An incomplete celebration

By Benjamin Chase of the Plainsman
Posted 6/15/24

In this From the Mound, the writer examines a celebration that was dulled this week and the lack of effort to learn from that event

This item is available in full to subscribers.

Please log in to continue

Log in

An incomplete celebration

Posted

“You’re going to roll right over this one
Just roll me over, let me go
You’re laying blame
Take this as no, no, no, no, no”
“Bang and Blame” — R.E.M.

A student band at the University of Georgia, R.E.M. formed in 1980 and had success on college radio for much of the 1980s before “The One I Love” took off as a mainstream single.

That led to the group getting a national record deal, and they went into development on their first major album, finding even more success in their first two albums through Warner Brothers.

This single is off the band’s 1994 album “Monster,” their third major-label release. It became the last number-one single in Billboard’s Modern Rock charts and their only No. 1 single in Canada. The group would amicably disband in 2011 and while encouraged by significant amounts of money since, have not reunited for tours or even single shows since the “breakup” of the band.

The song has an infectious pace to it that drives the listener forward within the rhythm guitar and drums and then vocalist Michael Stipe’s trademark voice pierces through with lyrics that outline a breakup of a romantic relationship or a friendship that’s happening in a public sphere rather than privately.

Public discord was notably different in 1994. If you did have access to the internet, it was through a dial-up modem that would coincide with your home phone line and drop any time someone attempted to call your house.

Therefore, “keyboard warriors” hadn’t quite taken hold yet, exploiting online anonymity to question, call out, and go so far as to bully others on the World Wide Web.

We’ve come a long way - or fallen that distance - since.

This week, what should be a monumental moment in a young person’s life, high school graduation, for dozens of young people in Connecticut was shrouded in sadness and even fear.

The sadness came from then-first-grade students who lost 20 of their classmates and six administrators and teachers during the Dec. 14, 2012, Sandy Hook School shooting.

Multiple graduating seniors will forever have etched into their minds the young boy who sacrificed himself to get a few students out of the classroom as bullets sprayed, the administrator who confronted the shooter to allow a few more students to escape before taking a bullet, and the sight of coming out of a hiding space to 6- and 7-year-old classmates’ bodies strewn throughout the school.

The fear component is simply because of the explosion of one facet of the internet.
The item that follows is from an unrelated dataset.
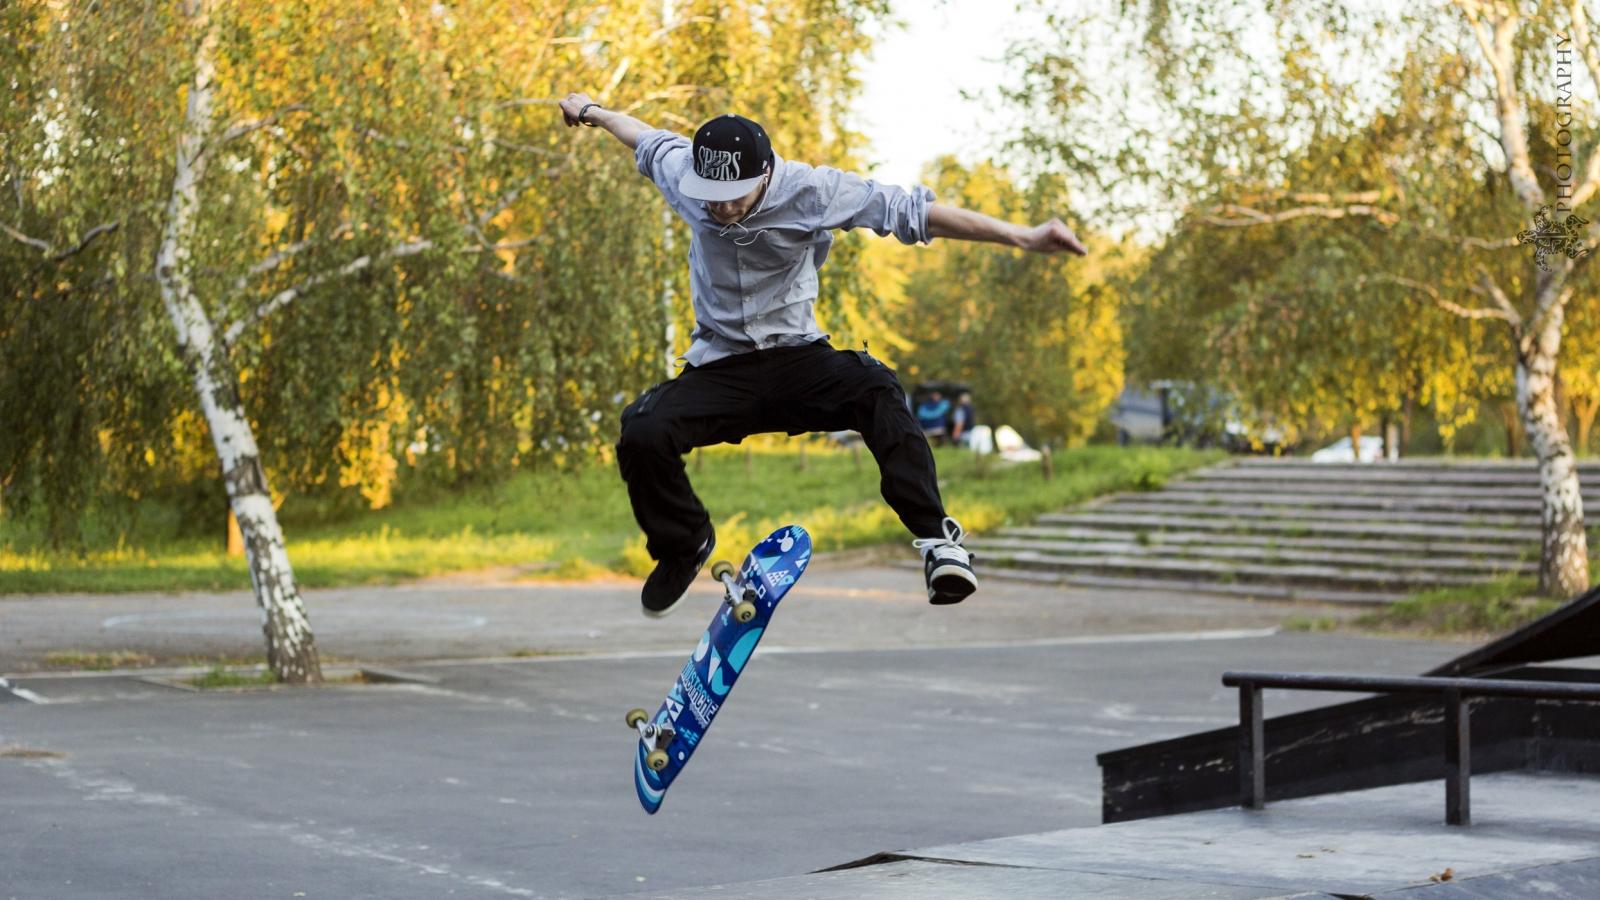 Trucos con skate - 1600x900

Alex Jones, one of the worst kinds of media grifters out there in my opinion, popularized a conspiracy that Sandy Hook was not real. Multiple court decisions will forever require any income Jones receives to be dolled out to families of victims from that day because he was (loudly) proclaiming lies through his platform.

Jones’ “believers” still torment the victims’ families and were making noise leading up to the graduation about staging a protest/rally outside to challenge the students and families that suffered on that day.

Sandy Hook was a significant moment where I remember being stuck to media coverage of the day. Every generation has its own moments, but those sort of “major bad” moments for my generation begin with watching a space shuttle blow up on television at school, then watching the coverage of Columbine, the first broadly-covered school shooting, before we then lived through 9/11 and Katrina destruction coverage.

Needless to say, it’s been a lot over the years. When those born in the late 1970s through early-1990s seemingly respond in odd manners to world conflict now, understand that it’s often due to a lifetime of widely-covered, in-the-moment reporting on significant national disasters.

Yes, Vietnam was covered widely on television, really the first major war to be covered thusly, but it’s different to hear about a war and see the aftermath than to watch someone jump out of the Twin Towers live on air.

In part, it’s why you see such diametrically opposite responses to some of the celebrations of this month.

Many who are now reaching or beyond retirement age struggle with acceptance of Pride Month, Juneteenth, and other cultural celebrations expressed during June (though no issues seem to arise from recognizing D-Day, Flag Day, or Father’s Day from the same group).

Generations who are in their 20s and younger frequently see these celebrations as just part of life, something that’s been part of the world their entire lives. Quite frankly, every state and the District of Columbia had a recognition in some way of Juneteenth by 1979, with every state except South Dakota observing the day as a state holiday before it became a federal holiday in 2021.

Then, those who came to age as the Internet and many of the changes in how we relate to world events drastically shifted, are left split between our parents and our children’s responses to what should be celebrations.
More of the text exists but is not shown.